Nonetheless, random access history is cool.

Sn0wCoder•47m ago
Site does not load on Firefox console error says 'Uncaught (in promise) TypeError: can't access property "wasm", sqlite3 is null'

Guess its common knowledge that SharedArrayBuffer (SQLite wasm) does not work with FF due to Cross-Origin Attacks (i just found out ;).

Once the initial chunk of data loads the rest load almost instantly on Chrome. Can you please fix the GitHub link (current 404) would like to peak at the code. Thank you!

coder543•22m ago
Works fine for me on Firefox on macOS
layer8•32m ago
Apparently the comment counts are only the top-level comments?

It would be nice for the thread pages to show a comment count.

dspillett•29m ago
Is there a public dump of the data anywhere that this is based upon, or have they scraped it themselves?

Such as DB might be entertaining to play with, and the threadedness of comments would be useful for beginners to practise efficient recursive queries (more so than the StackExchange dumps, for instance).

thomasmarton•18m ago
While not a dump per se, there is an API where you can get HN data programmatically, no scraping needed.

https://github.com/HackerNews/API

abetusk•11m ago
Alas, HN does not belong to us, and the existence of projects like this are subject to the whims of the legal owners of HN.

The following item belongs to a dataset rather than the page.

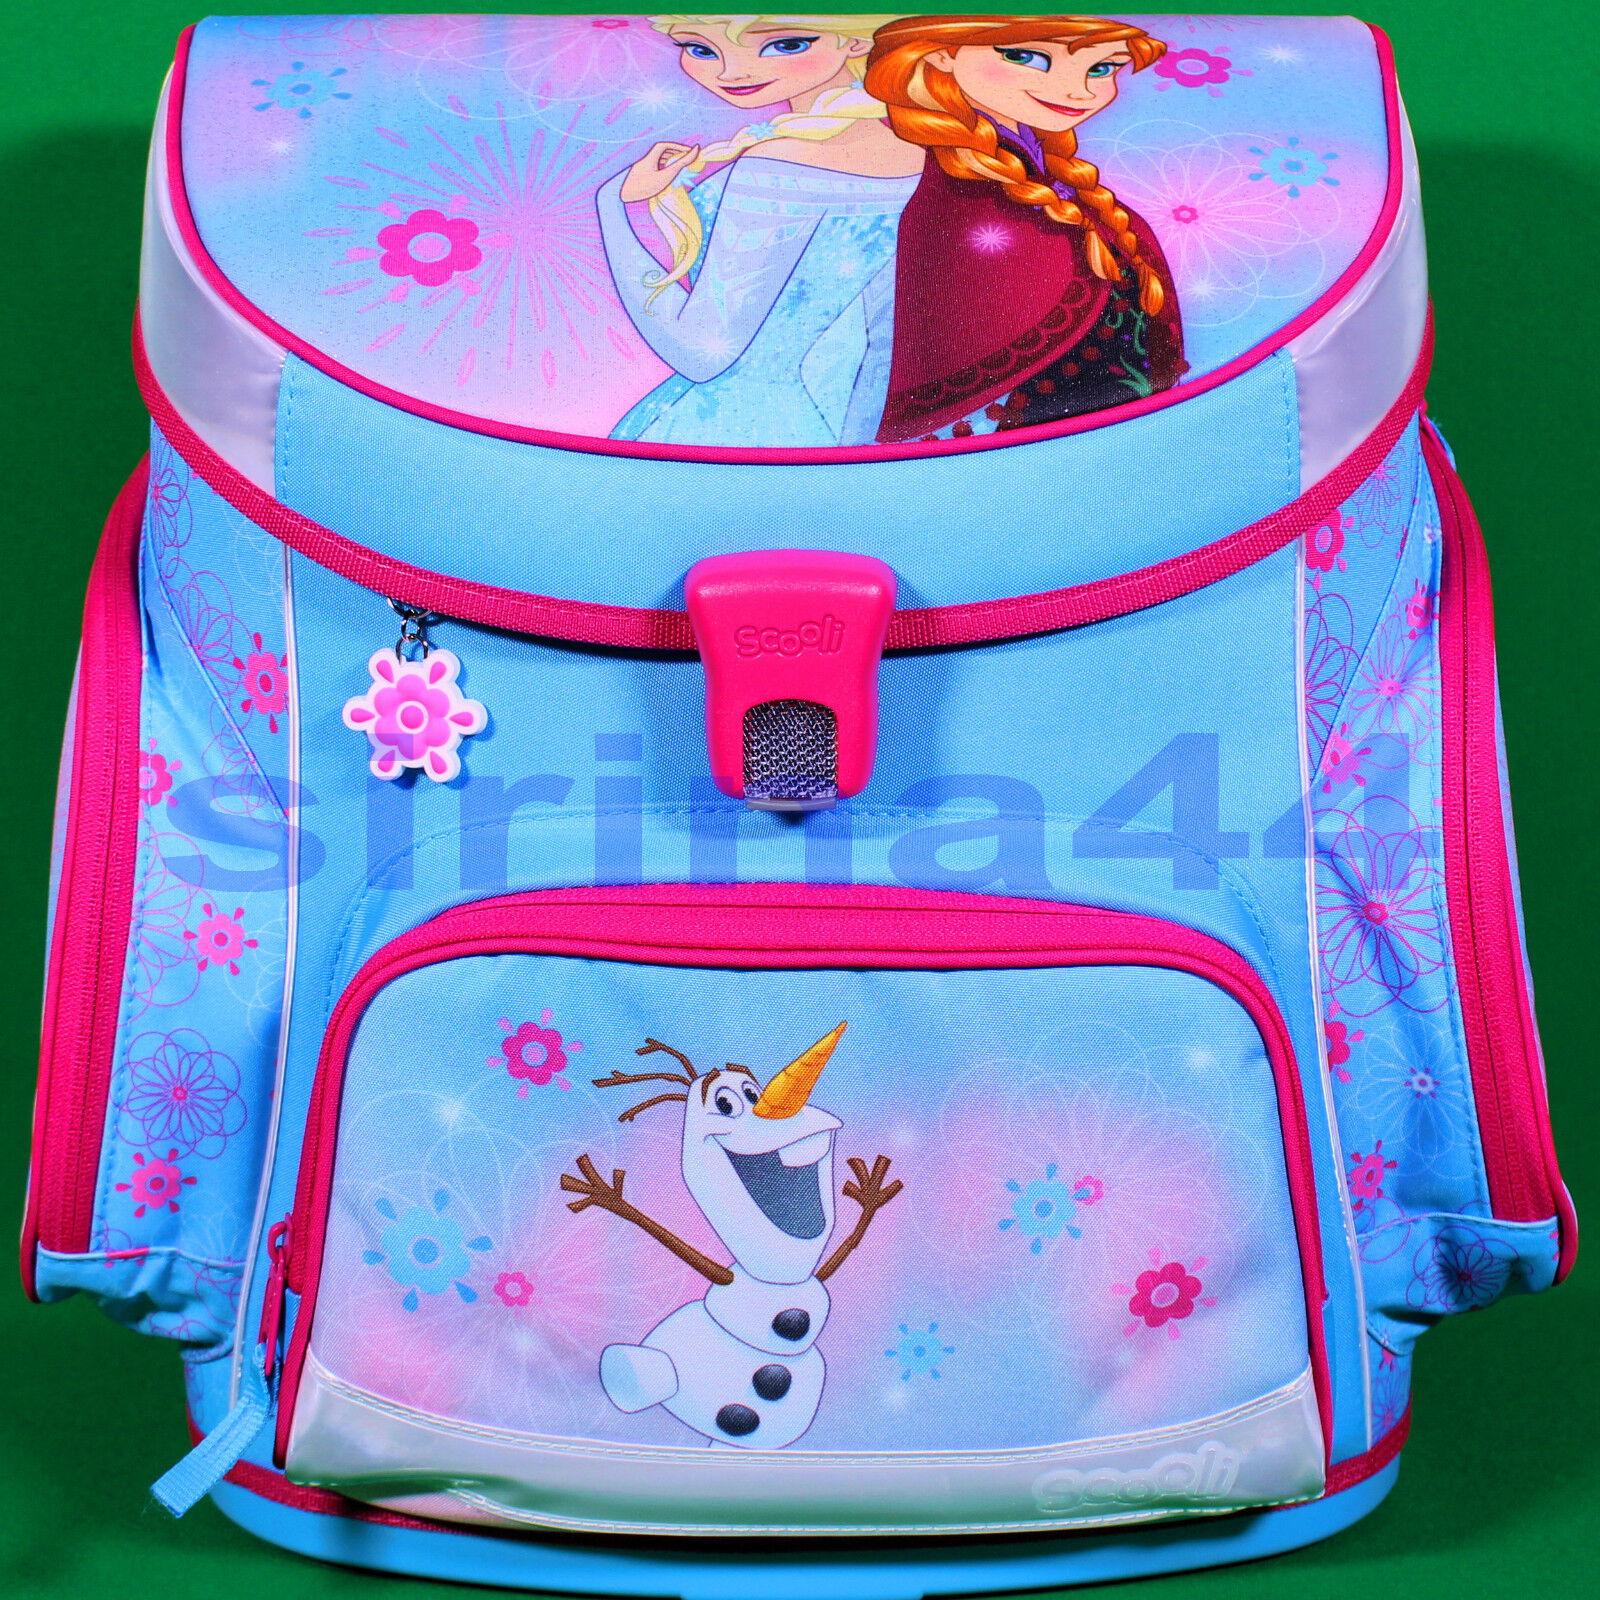 22tlg Schulranzen-Set  Frozen - Eiskönigin  m.Sporttasche,Flasche+Dose,Schultüte | Hochwertige Materialien  | eine große Vielfalt  | Bequeme Berührung

From the terms of use [0]:

"""

Commercial Use: Unless otherwise expressly authorized herein or in the Site, you agree not to display, distribute, license, perform, publish, reproduce, duplicate, copy, create derivative works from, modify, sell, resell, exploit, transfer or upload for any commercial purposes, any portion of the Site, use of the Site, or access to the Site. The buying, exchanging, selling and/or promotion (commercial or otherwise) of upvotes, comments, submissions, accounts (or any aspect of your account or any other account), karma, and/or content is strictly prohibited, constitutes a material breach of these Terms of Use, and could result in legal liability.

"""

[0] https://www.ycombinator.com/legal/#tou

m-p-3•4m ago
Looks like the repo was taken down (404).